The quirkiness may spook traditional investors -- Taulli said he wouldn't buy shares, and he expects Google to have trouble on its pre-IPO road show convincing institutional investors that buying in at the IPO is a risk worth taking.

But the company's insistence on maintaining its iconoclastic practices is a good sign for its customers. Meta Group Inc. analyst Tim Hickernell said he doesn't expect Google to sacrifice its products for profits. The IPO is likely to strengthen Google by giving it a war chest to use on development and acquisitions, he noted.

"This has been very well-planned for a number of years now. The company has been gradually evolving to become more mature," he said. "It was very obvious from that letter -- I call it 'Larry and Sergey's Manifesto' -- that they intend to resolve any fears of their core users."

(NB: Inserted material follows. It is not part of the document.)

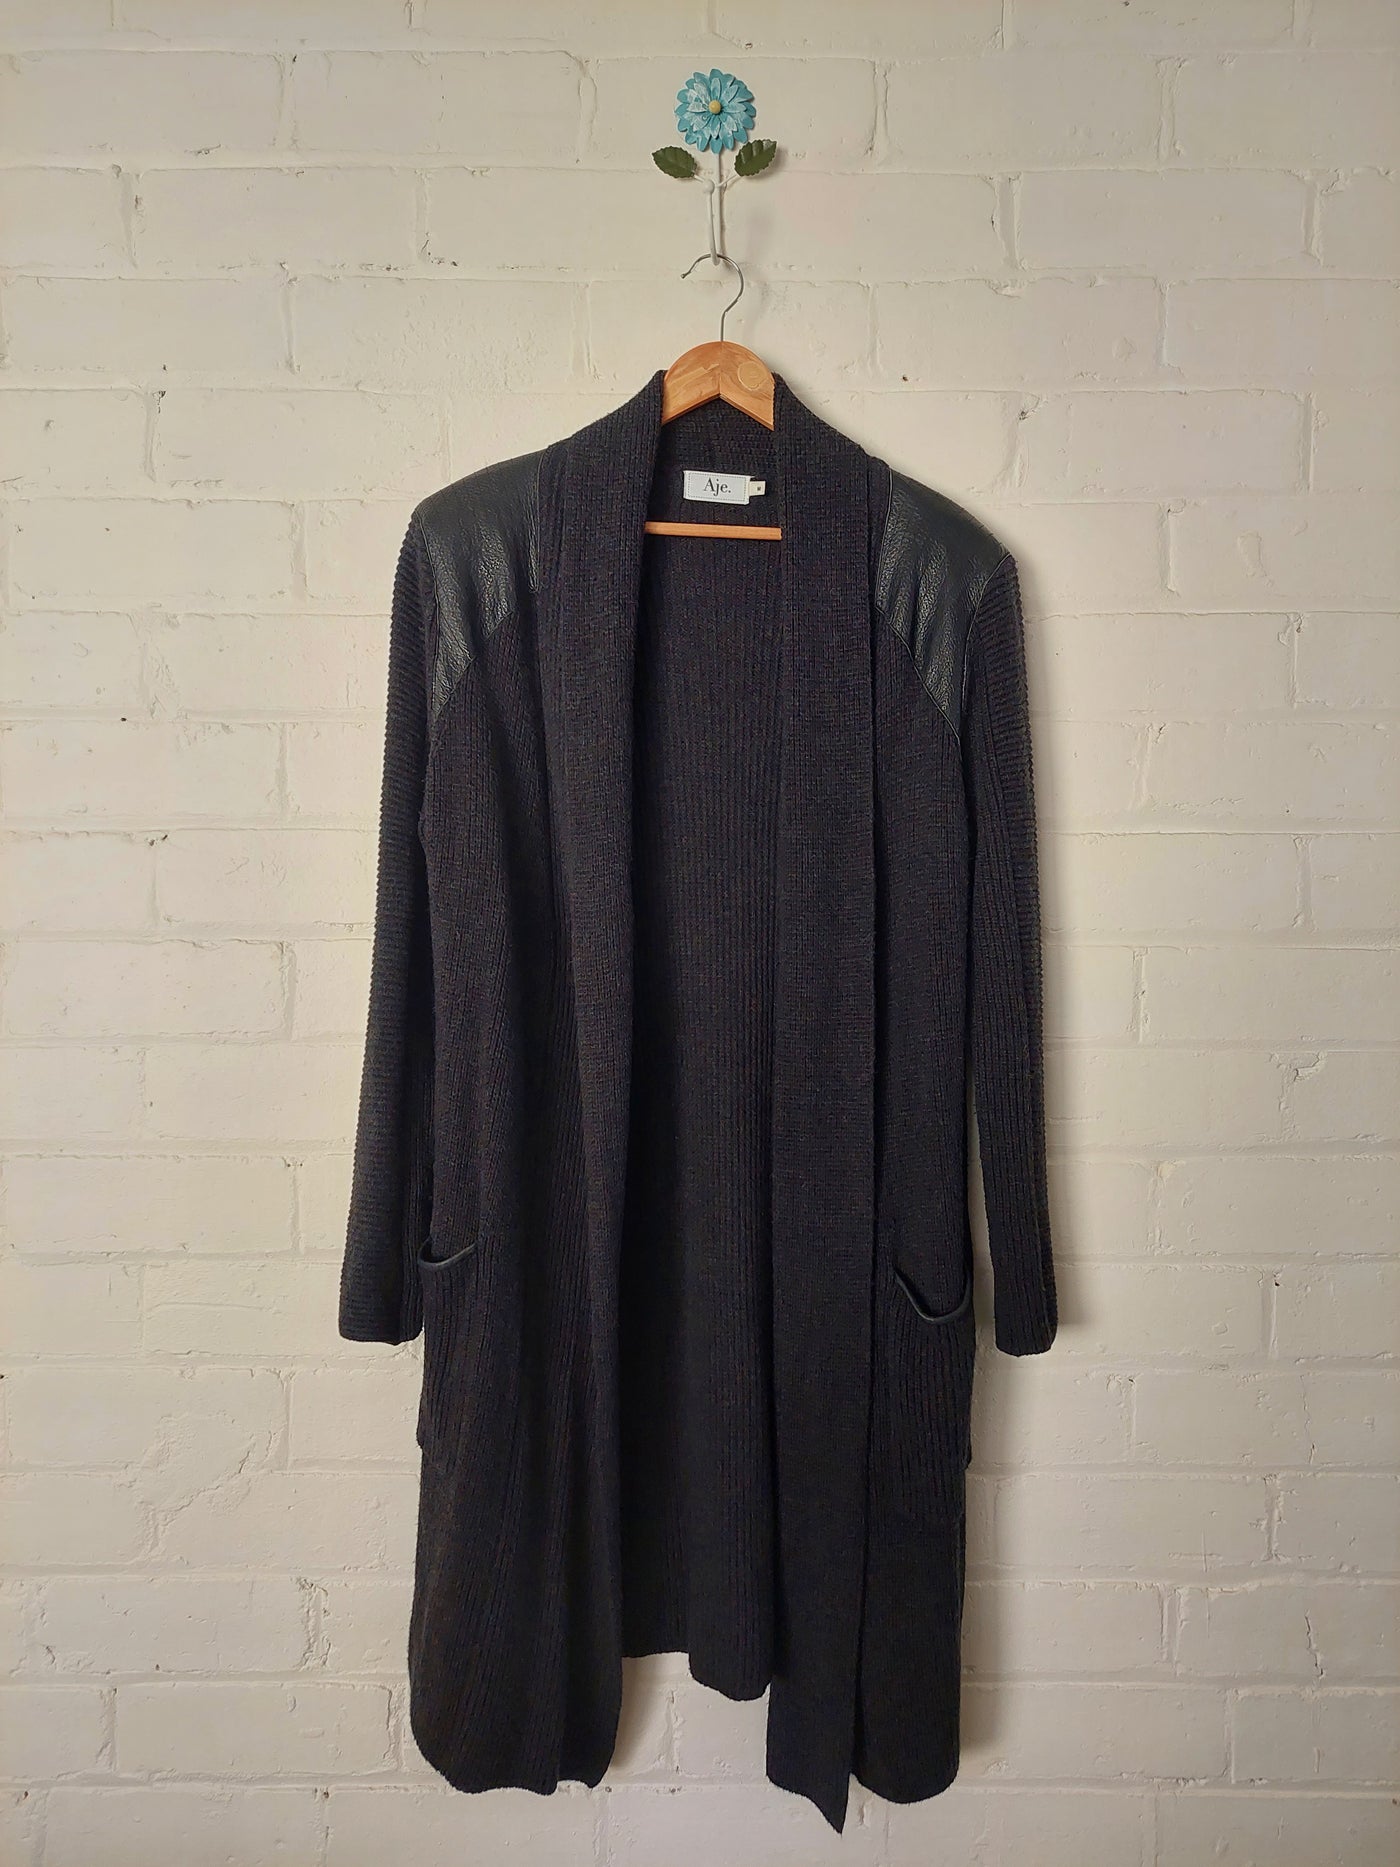 Aje soft wool / cotton blend long cardigan with pockets, Size M-L

Google's challenge will be to prove that a company can edge toward the Fortune 500 and still place a higher value on its products and employees than its share price. The founders' letter lists "don't be evil" as a critical Google value and strategy, and cautions investors that Google will sacrifice short-term gains as needed to be "a company that does good things for the world."

The maverick melding of high finance and geekery starts right on the cover page of Google's mammoth IPO filing. The maximum price for the share offering isn't a nice round number. It's US$2,718,281,828 -- which just happens to be a multiple of the mathematical constant e. It's a number that's irrational. And transcendental.